After getting familiar with the data for the competition I built out a series of U-Net models starting with the classic U-Net architecture which is depicted above. At this point I was still using the raw training images as input. Once that was completed I started to experiment by increasing the number of convolution and deconvolutional blocks to increase perceptive ability of the network.
For guidance on exploring extensions of the U-Net and LinkNet architectures I looked to the winners interview for the Carvana Image Masking Challenge which occurred in 2017. The winners used an ensemble of U-Net and LinkNets to generate their submissions and specify some of the trials, errors, and take-home lessons that they gained in the competition. Given that the challenge is very similar to that being performed in the Data Science Bowl it made for a good transfer of knowledge.
What I found is that essentially by making the network deeper and applying regularization in the form of L2 and to some extent batch normalization I was able to create a network which outperformed the standard U-Net architecture and generate decent output as part of the competition.
Given that this data set has a fair amount of variation I applied the techniques as discussed by Kevin Mader on Kaggle, n an attempt to standardize the input images. The main variation that I wanted to standardize is the differences in colors of the backgrounds, cell material, and nuclei. The technique produces a fluorescent final color and in cases where the cells are the darkest part of the image the colors are inverted which gives all the images a similar looking final state as opposed to the raw image inputs.
I have trained several other U-Nets and LinkNets which performed well on these images and on black and white versions of these normalized images.

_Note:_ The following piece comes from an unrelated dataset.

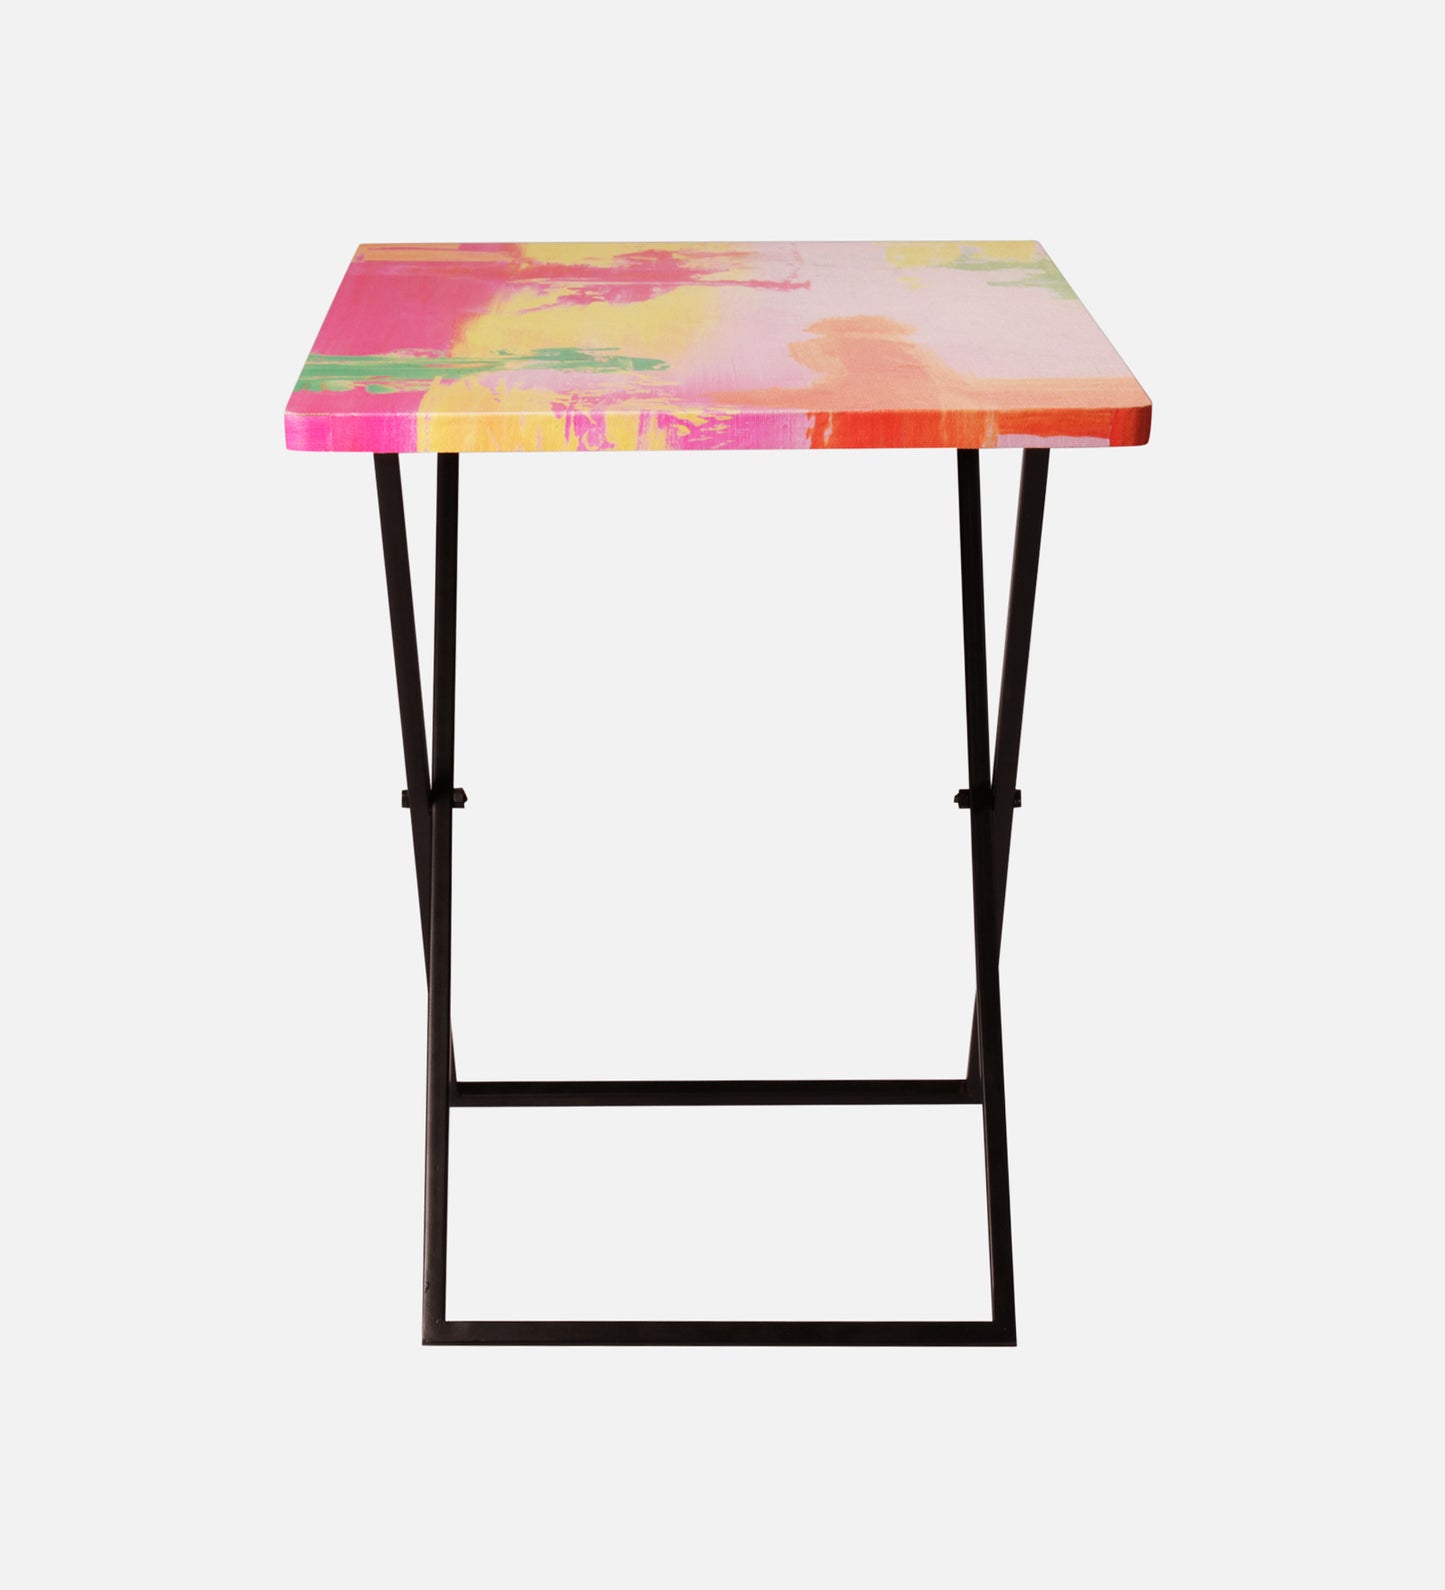 Neon Criss Cross Side Tables, Writing Tables, Wooden Tables, Kids Tables, End Tables Living Room Decor by A Tiny Mistake

Turning them to black and white gives a fairly uniform input and since black and white images are only a single dimension, there is less variation that the network must account for.
For all these networks I had to perform a significant amount of data augmentation, as was done in the academic literature. The types of augmentation that I applied were vertical flips, rotations, width and height distortions, sheering, and zooming. This helped to avoid overfitting on the training set and extend the generalization of the networks. One additional aspect of this challenge was that the same augmentations had to be applied to both the input image and the target image mask. If this was not done, then it would mean a mismatch between the input and output data which would be catastrophic for the network. In Keras this was done by fixing the initial random seed of the image generators so that each input and target mask would have the same augmentations applied to it.

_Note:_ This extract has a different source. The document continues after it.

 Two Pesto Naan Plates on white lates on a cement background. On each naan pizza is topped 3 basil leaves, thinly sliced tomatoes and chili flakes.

Another area of experimentation was testing SGD, RMSProp, and Adam optimizers. While the general approach of the deep learning community is to solve most problems with an Adam optimizer, a paper from Berkley published in 2017 caught my eye, it was titled The Marginal Value of Adaptive Gradient Methods in Machine Learning. The point of the paper is that while more advanced methods have been developed, SGD trained networks perform just as well or better in particular when it comes to generalizing to unseen test data. So I experimented with SGD optimized networks. They took a good amount of time to converge, but not extraordinarily so.
This was my first extensive project on image segmentation and I enjoyed diving into the literature and working with fully convolutional networks. It was a great opportunity to learn a new subject matter area and test several hypotheses in the areas of data augmentation, regularization, network structure, and optimization.